> **Provided data**:
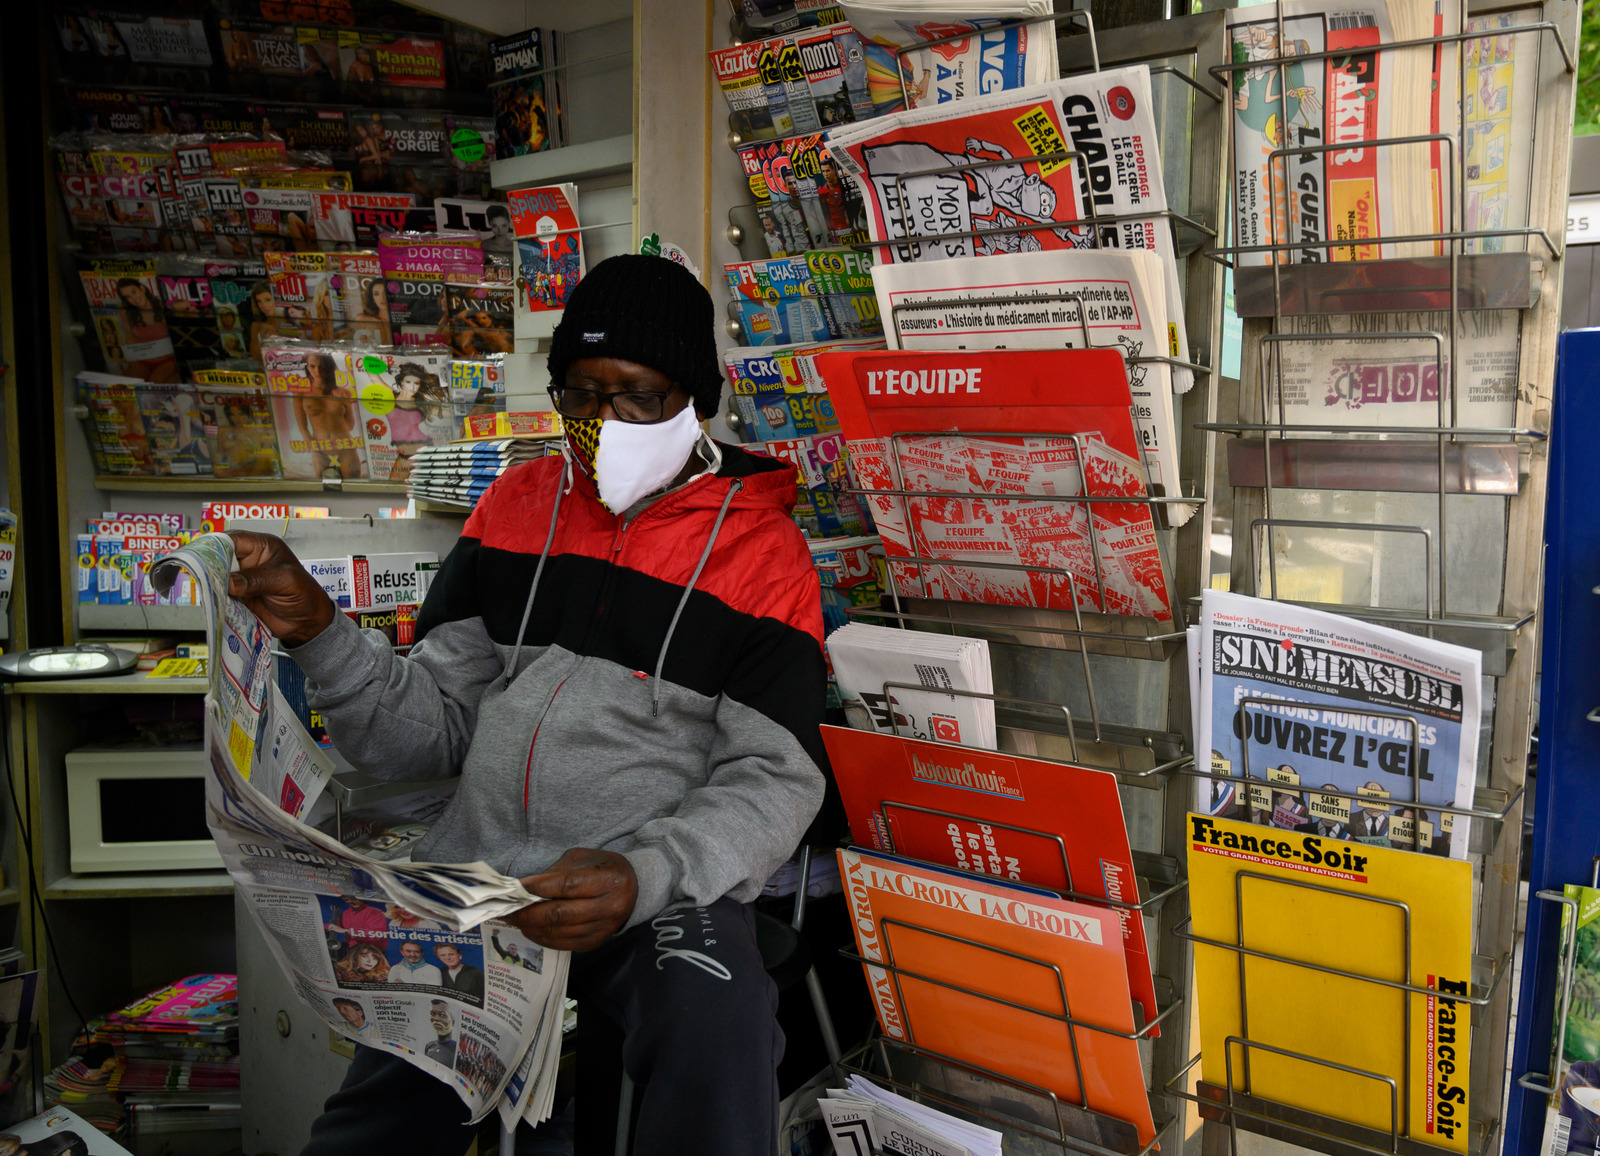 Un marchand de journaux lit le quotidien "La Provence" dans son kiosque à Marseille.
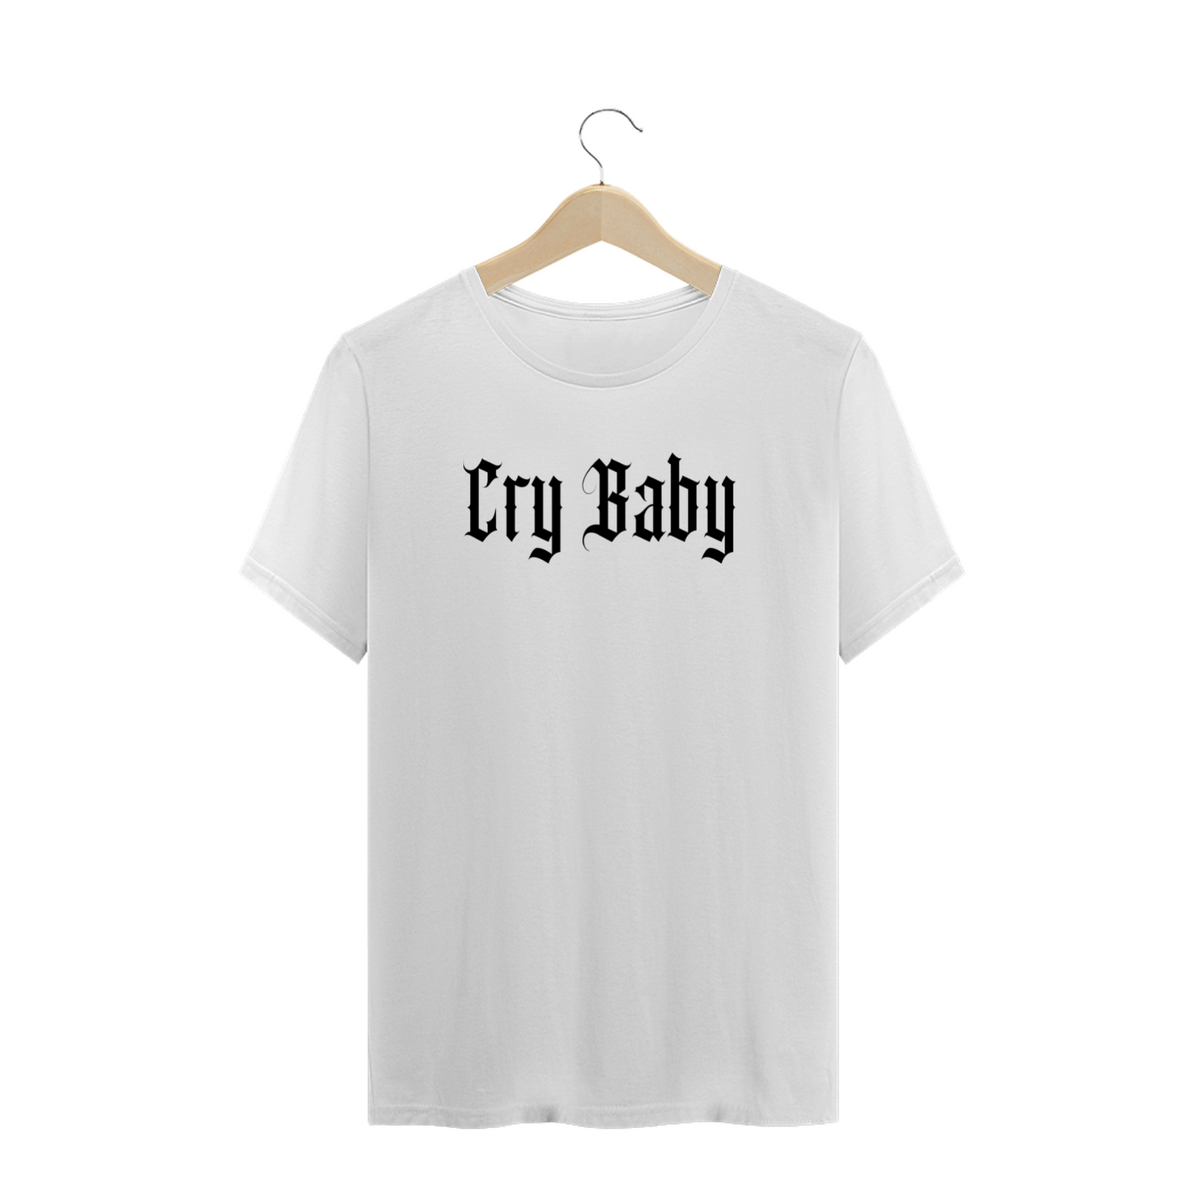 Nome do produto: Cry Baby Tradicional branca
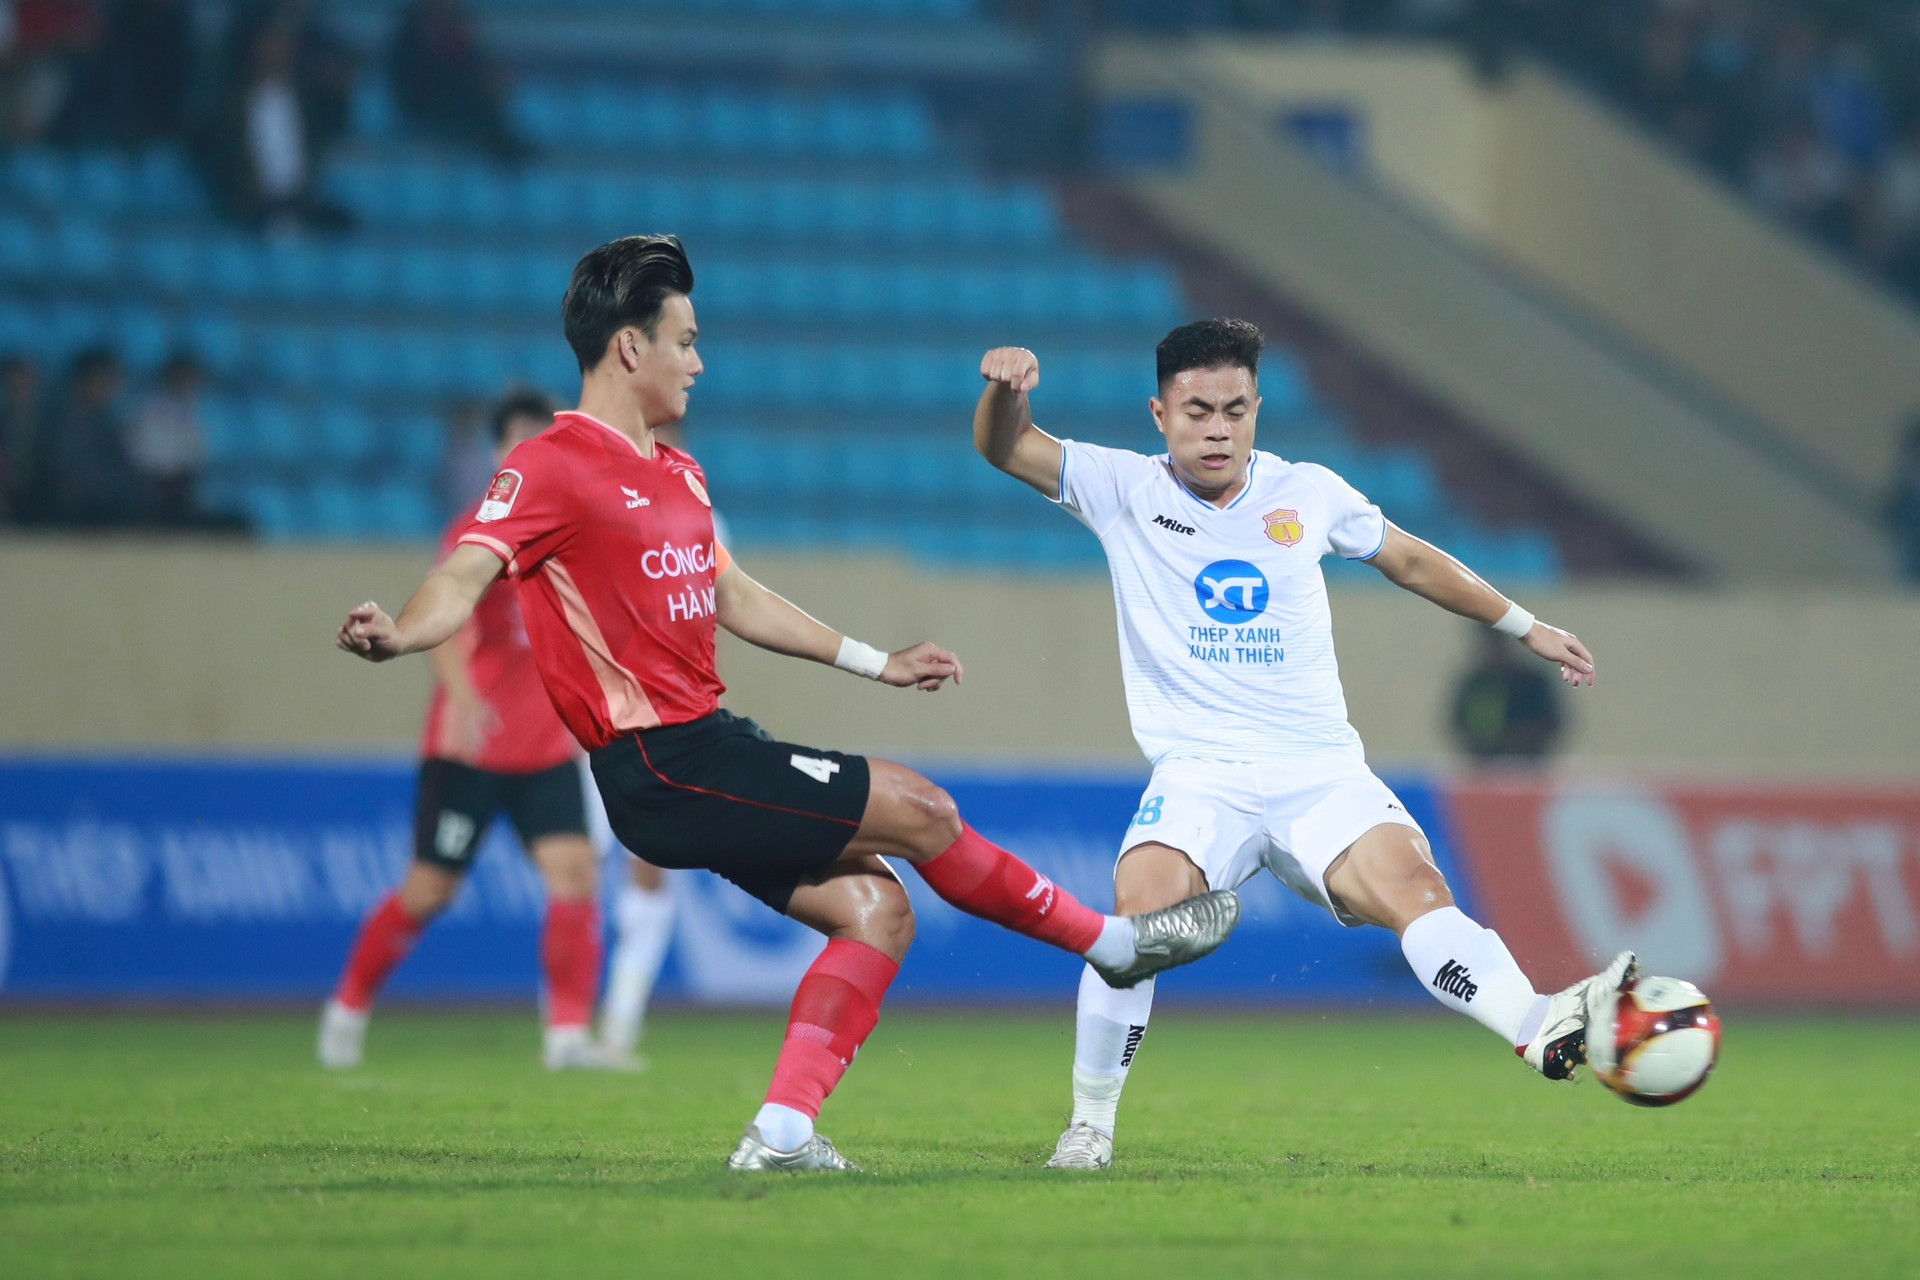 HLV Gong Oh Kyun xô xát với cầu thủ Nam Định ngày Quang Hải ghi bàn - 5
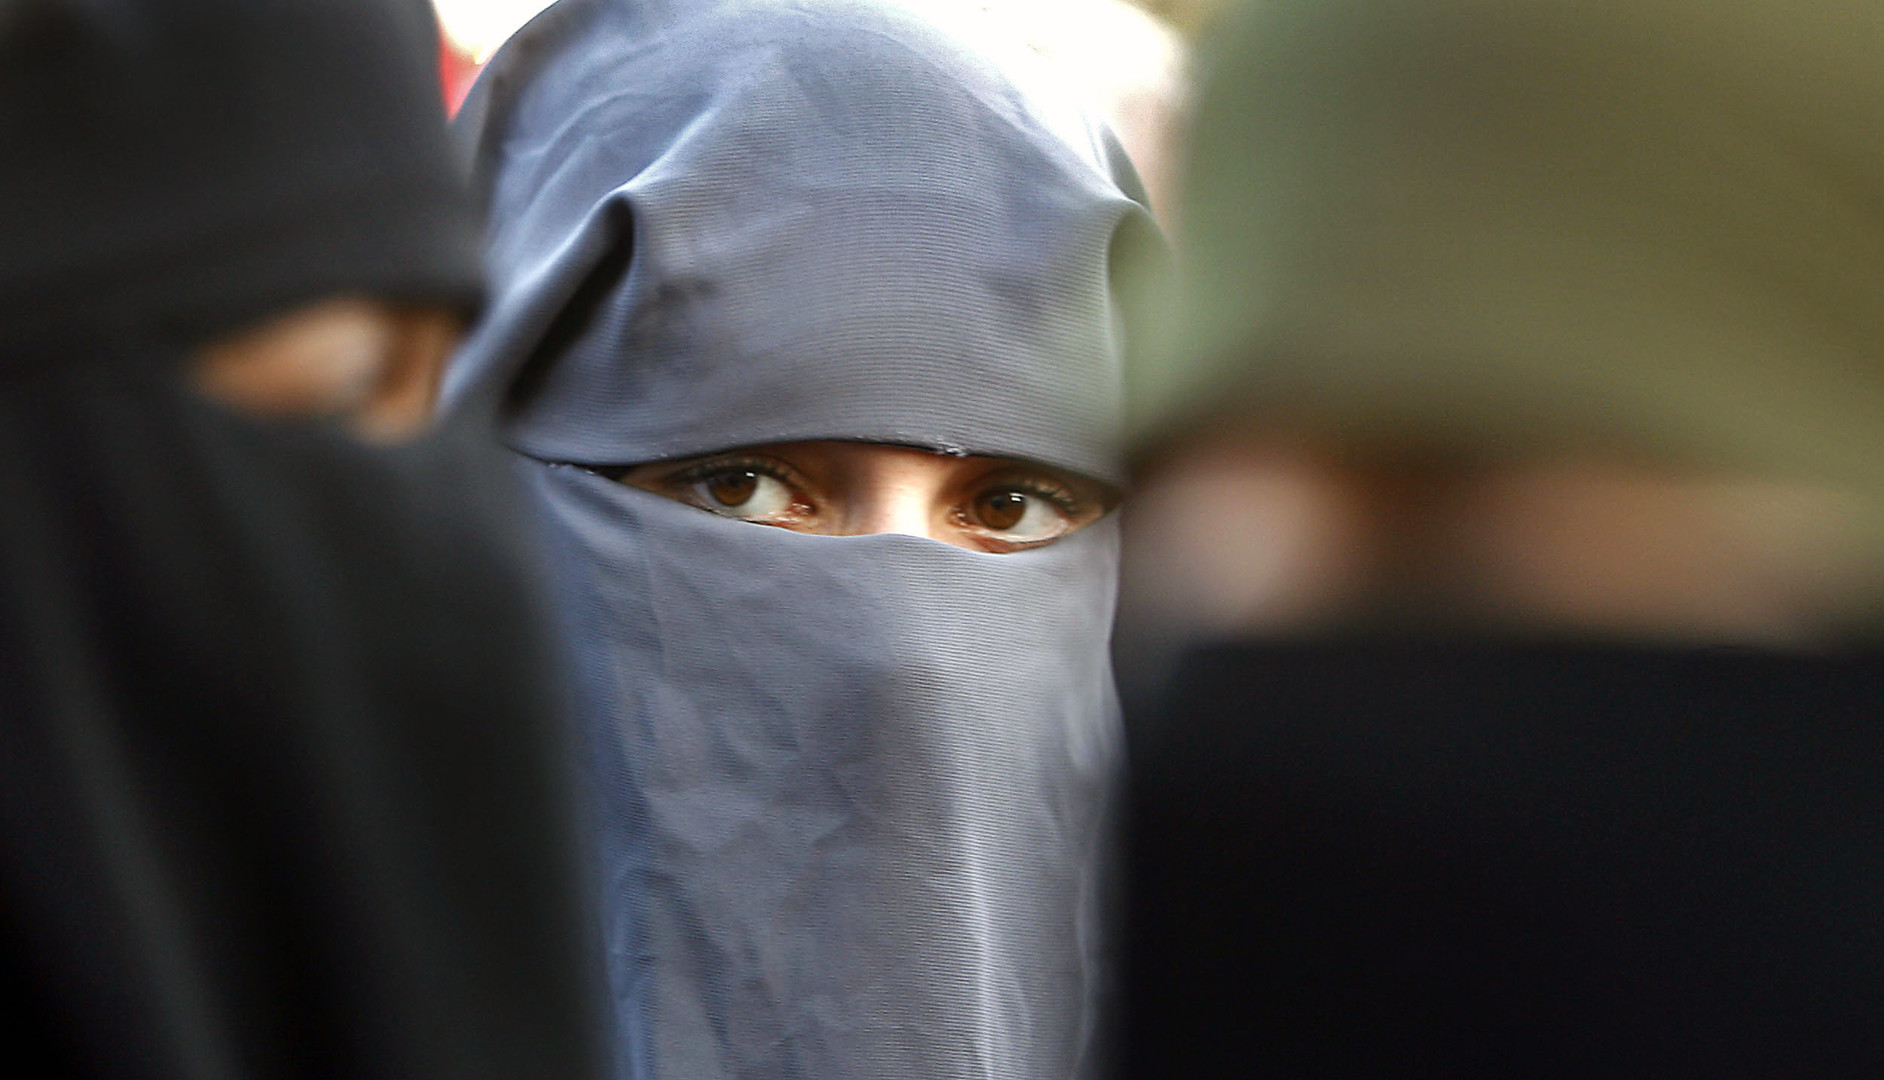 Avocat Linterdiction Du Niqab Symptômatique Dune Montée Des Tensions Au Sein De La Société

> **Aim of the exercise**: Leaving the pictures aside, transcribe the entire listing exactly.

> **Solution to this exercise**:
 Un marchand de journaux lit le quotidien "La Provence" dans son kiosque à Marseille.
 Nome do produto: Cry Baby Tradicional branca
 HLV Gong Oh Kyun xô xát với cầu thủ Nam Định ngày Quang Hải ghi bàn - 5
 Avocat Linterdiction Du Niqab Symptômatique Dune Montée Des Tensions Au Sein De La Société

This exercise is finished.